The other story of 2014 is one told through the lens of the upper-upper-bracket. While we had two sales in the high $3s, that of an overdone house in Indian Hills and another of a pretty South Shore Club house, we had only one sale print over $4MM. That sale was my listing and sale on Creek Lane, at pier 88. For $5.195MM, that buyer secured what is, without any doubt, the best piece of dirt (234′ and 5.3 acres) to sell on this lake in a long, long time. There’s a contract pending today on another piece of dirt that might want to consider itself a peer, that over on Snake Road, with 261′ of frontage and 3+ acres. Listed at $5.75MM, this property would like to think it’s as good as, or better than Creek Lane. The simple truth is that it isn’t, not by approximately one billion miles. It’s not in the same conversation, and the reason as to why cannot entirely be written here, but is, instead, simply understood by those who grasp the nuances of this lakefront market. I don’t just grasp those nuances, I bathe in them.

While the mid-market can claim an absence of sales based on an absence of inventory, this elite bracket can do no such thing. We had more of this extreme upper bracket inventory in 2014 than I can remember in my 19 year real estate career. We had oodles and oodles of it, and aside from some solid interest that I had in 1014 South Lakeshore ($7.95MM) and some play on the Basswood listing near $6MM, I’m not aware of any serious interest in any of these homes. This is a surprise to me. It’s no secret that upper bracket buyers like to leave their own mark on the lake, which is why we have some homes that feature 28 car garages, but it is a surprise that a buyer or two didn’t see value that’s below replacement cost and opt to buy now and enjoy now rather than buy now and enjoy two years from now. The immediacy of the built palace is a strong selling point, and we’ll see if a buyer or two decides to pounce on one of these done offerings in time to enjoy a 2015 summer at the lake. 2014 saw no such buyer.

In addition to the 24 MLS lakefront sales, there was one private sale that I’m aware of in the low $3MM range, that in the South Shore Club. There were also two vacant lakefront sales, priced at $2MM and $2.85MM. My involvement in this lakefront market for 2014 was not insignificant. Of the 26 lakefront MLS sales, I sold nine of them. That’s 35% of the lakefront business that I owned in 2014, and I’m just a kid with messy hair and a beard that was described by a client as being less than ideal, less than perfect. Which is fine by me, because perfect beards only belong on theatre actors and liquor moguls, and I am neither. Of other importance is that since the start of 2010, three homes on Geneva have sold in excess of $5MM, and I’ve now sold two of those three.

What to expect for 2015? More of the same.

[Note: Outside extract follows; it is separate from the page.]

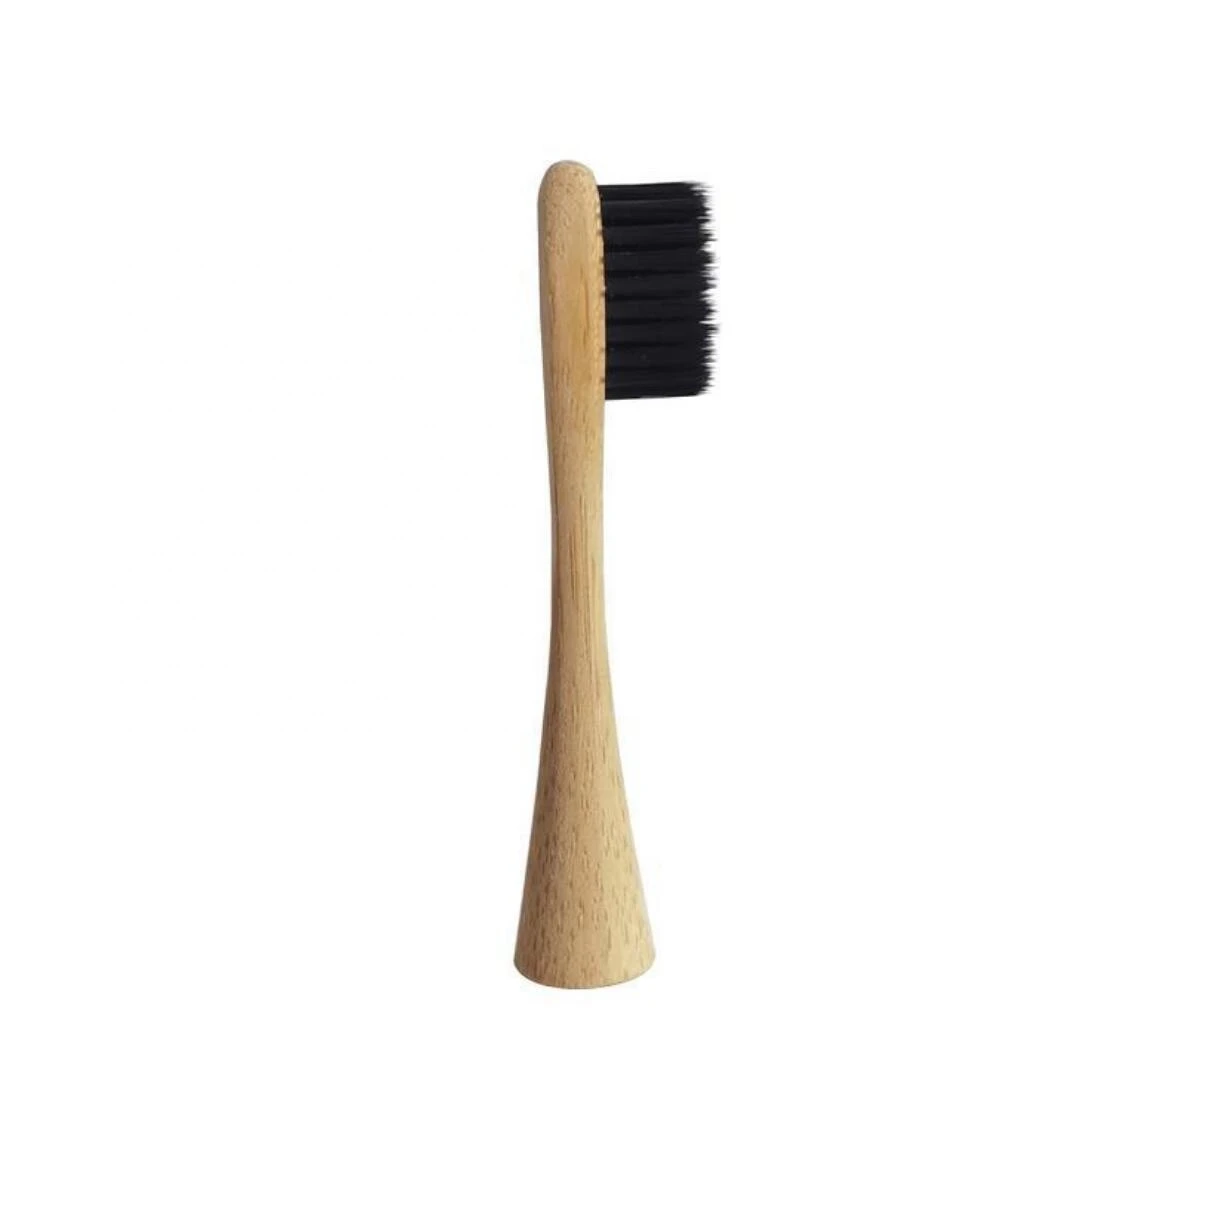 Electrical bamboo toothbrush with electric bamboo toothbrush head

I see plenty of carry-over deals from 2014, and they’ll print in early 2015. While this head start is rough on my own volume numbers (I have none of these deals, very sad trombone), it’s great for the market. We’ll sell plenty of homes this year, as solid portfolio returns from 2014 combine with low interest rates to fuel buyer motivation. The big question will be that of inventory. We have entry level inventory, though not a lot. We have that holdover upper bracket inventory, plenty of it. What we don’t have is exciting $2MM to $4MM inventory, and we don’t have anything in the South Shore Club, excepting my fantastic listing on Forest Hill that I just dropped to $1.775MM. If we can add interesting inventory in the $1.7MM to $4MM range, we’ll see a repeat of 2014 in terms of volume. If we don’t add this inventory, expect prices to inch upwards as agents do their best to lure new inventory to market in the only way we know how: Promises of big money.